У меня сердце пропускает удар, когда вдруг сознаю, что теперь-то фотограф откуда-то знает. И не от меня.
— А где Матвей? — голос чуть дрожит.
— Попросил меня, — непринуждённо, как о пустяке, отвечает Марк. — Так что там?
Для него, может, и пустяк такой жест от Матвея, но для меня… Это ведь демонстративное пренебрежение. Своеобразный сигнал «ну-и-катись-ты-к-Марку».
— Ничего, — резко бросаю я, но тут же вздыхаю: срывать недовольство на пришедшем мне помочь Марке точно не стоит. Добавляю уже спокойнее, даже тише: — Не так уж болит, нормально всё.
Он скептически ухмыляется. Не верит? Смотрит чуть прищурено, внимательно. И вдруг спрашивает:
— Что у вас с Матвеем?
Облизываю разом пересохшие губы, отвожу взгляд. Я так скрывала перед Марком всё, что происходит у нас с Матвеем, что слышать такой вопрос совсем не по себе. Умом понимаю, что нет уже смысла продолжать обманывать. Но как же я устала от сплошных разоблачений — то одному объяснять, то второму…
К тому же, мне даже думать о Матвее после этой его демонстративной выходки с передачей меня Марку как будто больно. А уж говорить…
— С чего ты взял? — наконец выдавливаю.
Марк вздыхает и поднимается, чтобы сесть рядом.
— Яна, я не идиот. Сначала он мне чуть ли не сцены ревности устраивает, теперь ты по сторонам смотришь в поисках его. Может, у тебя и не так уж болит нога?
Ой… А я и не замечала, что верчу головой периодически. Хотя после слов Марка как раз ловлю себя на, судя по всему, очередном таком разе.
Ну и ладно. Сцены ревности?..
Матвей что-то высказал Марку?
С одной стороны — неловко перед фотографом, с другой… По телу разливается приятное тепло. Может, меня и бросили на попечение Марку, но явно на эмоциях. Матвею слишком не всё равно.
А значит, если чуть остынет и успокоится…
Поднимаюсь с места, тут же морщусь. М-да, неприятные ощущения. Но терпимые. Скоро само пройдёт наверняка.
— Не так уж… — соглашаюсь я с Марком, и даже наплевать, что он думает, будто я использую это как повод сблизиться с Матвеем.
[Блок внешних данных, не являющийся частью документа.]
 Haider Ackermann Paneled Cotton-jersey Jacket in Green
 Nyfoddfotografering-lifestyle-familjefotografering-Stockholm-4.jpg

Тем более это почти правда. — Нормально уже.
Марк хмыкает, тоже поднимаясь с места. Не верит, не уходит. Наоборот, достигаю прямо противоположного эффекта: он без всякого предупреждения берёт меня на руки. Только и успеваю, что удивлённо взвизгнуть и автоматически вцепиться в него.
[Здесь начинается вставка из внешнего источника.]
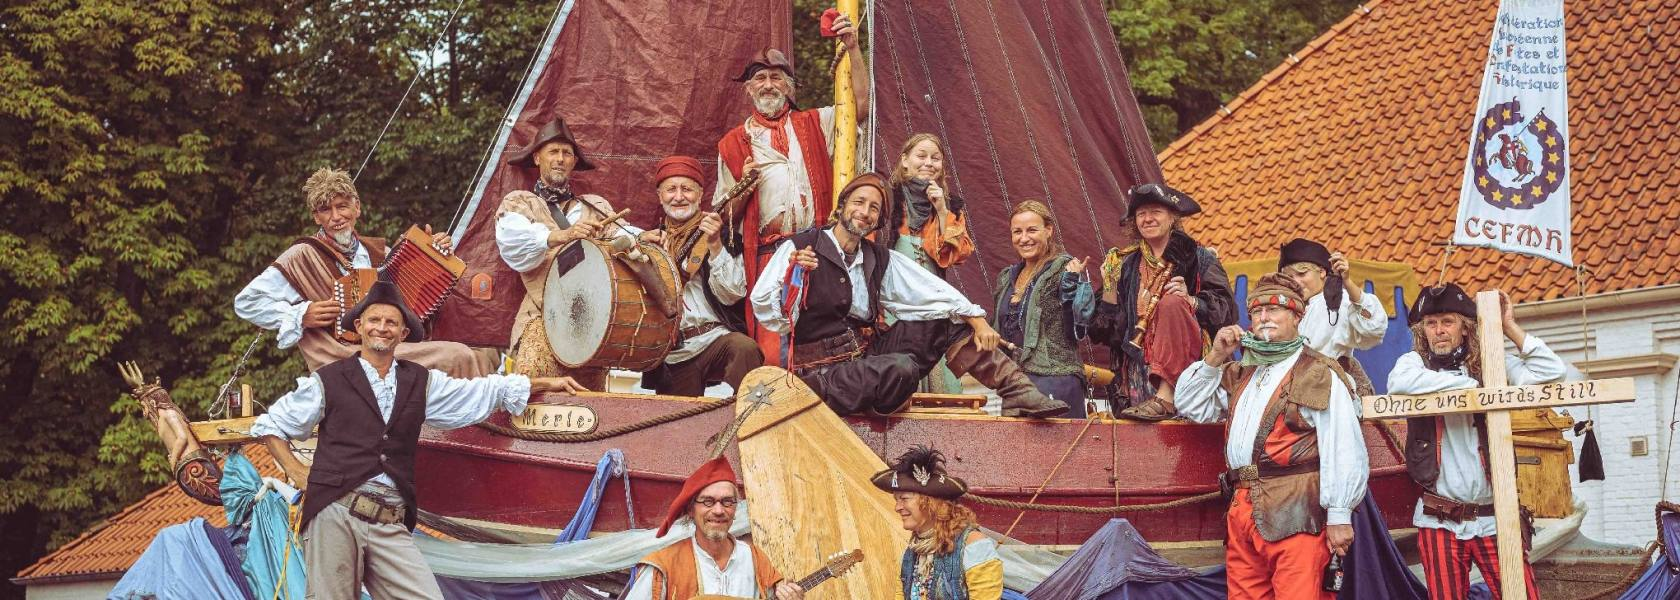 Ritterfest Dornum, © #twojport (Jonas Schmidt)

А Марк спокойно поясняет, уже двигаясь вместе со мной по направлению к лифту:
— Давай врач всё-таки посмотрит, у него ещё час рабочий день будет. Заодно расскажешь мне всё.
Я не успеваю ни согласиться с этим, ни оспорить — двери лифта открываются сразу… Вот только в кабинке не пусто. Оттуда выходит Матвей — прямо навстречу к нам, видя, как Марк уверенно держит меня на руках, а я всё ещё вцепляюсь ему в плечи одной рукой, второй обвивая шею.
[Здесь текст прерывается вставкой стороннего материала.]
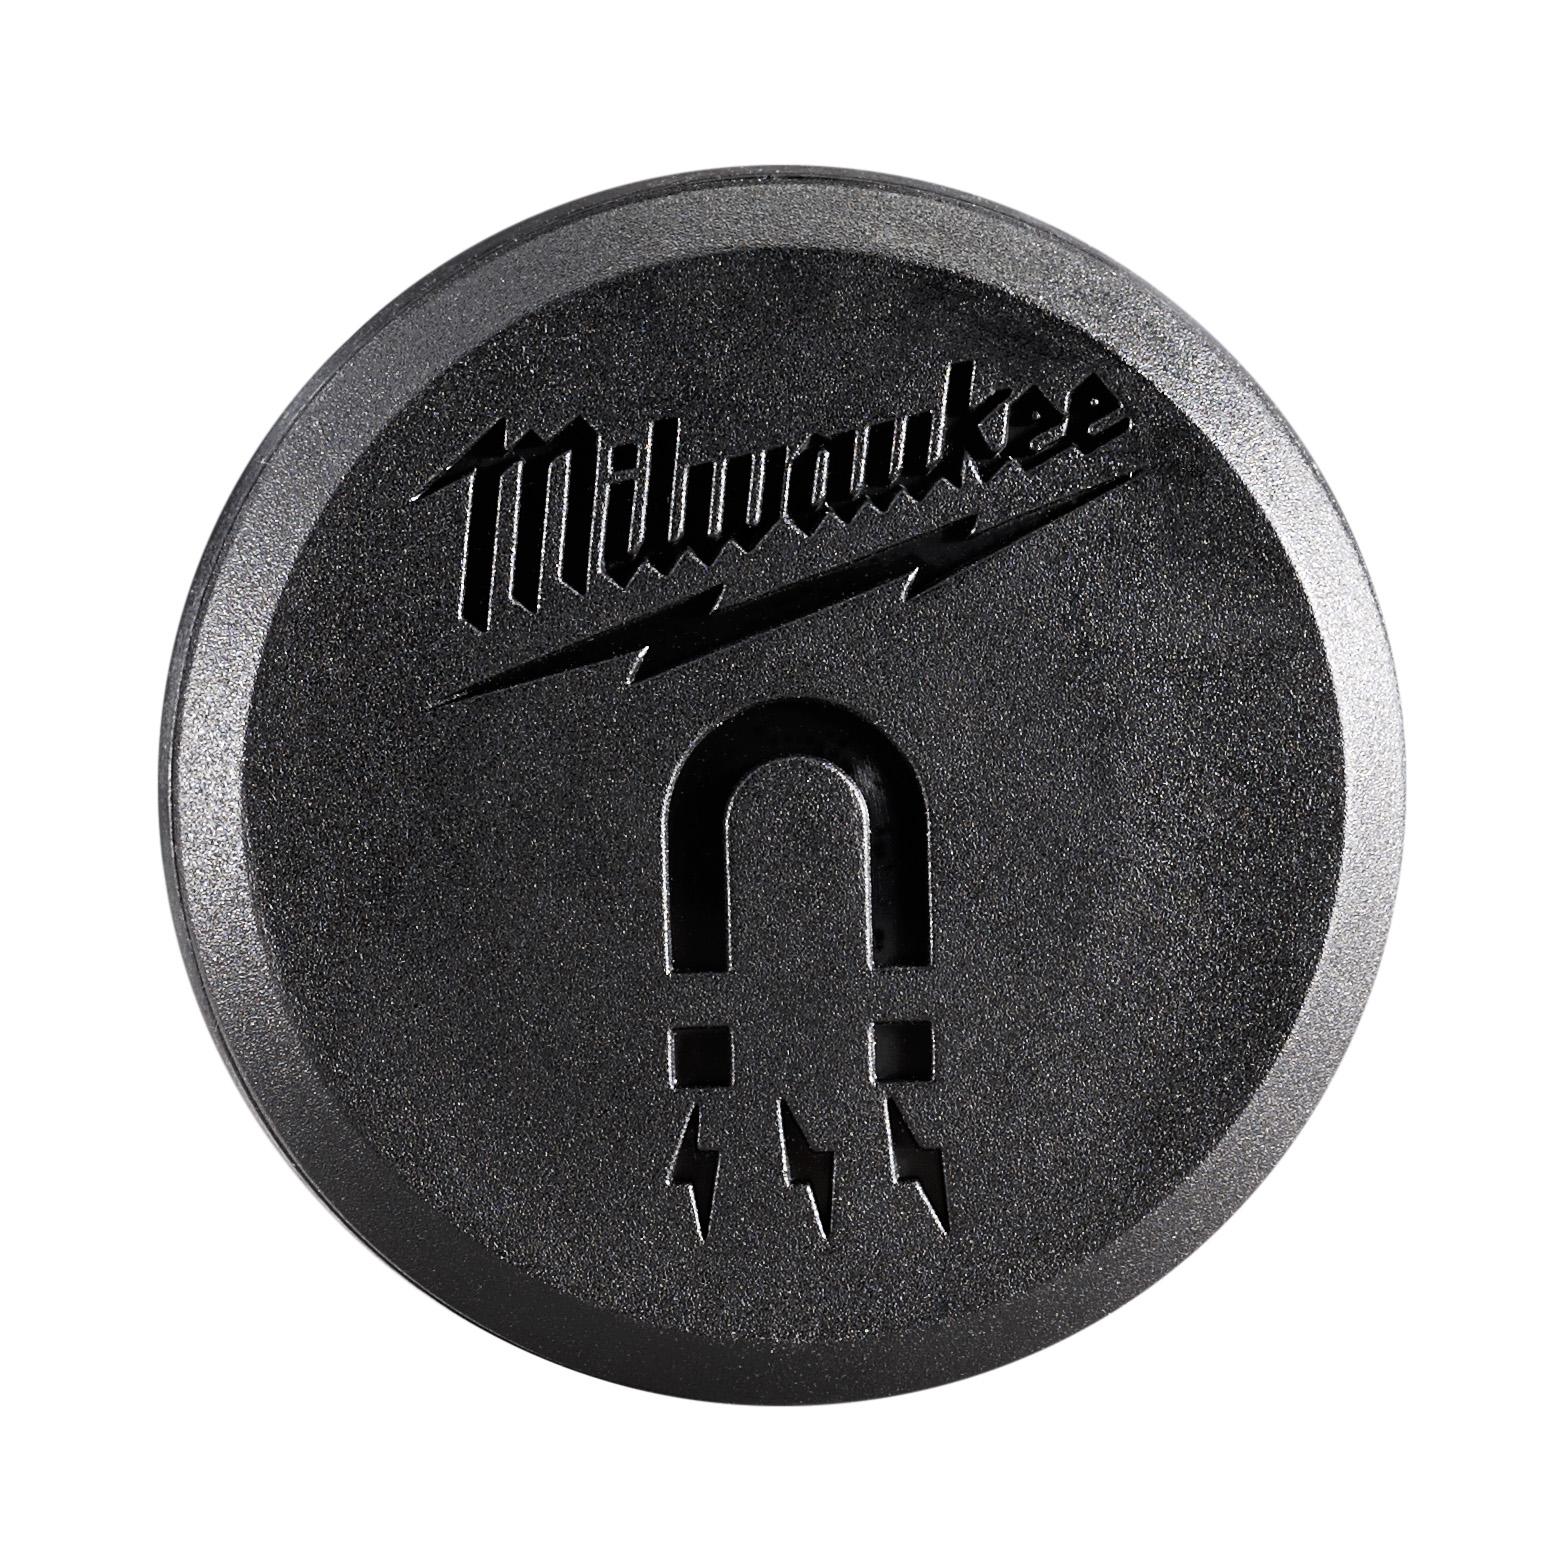 Milwaukee® M12™ 49-24-2351 LED Stick Light Accessory Magnet, For Use With M12™ LED Stick Light, Rare Earth Magnet, Black

Да, Матвей вроде как сам создал эту ситуацию. Подтолкнул Марка ко мне, а помощь ведь и вправду не мешала. Тогда почему сейчас такое ощущение, что это я в чём-то косячу опять, а не он повёл себя как мудак?
Что если это была проверка? Но если да, как я тогда должна была поступить? Гордо ковылять до дома? Или до врача, спрашивая при этом всех на пути, где он? И при всём этом отказаться от помощи Марка?
Нет, вряд ли Матвей всего этого не понимает. Им явно двигало не это. Скорее демонстративно пренебрежительный жест, не более того. Ведь и сейчас спокойно мимо проходит, бросив на нас только короткий, почти пустой, взгляд.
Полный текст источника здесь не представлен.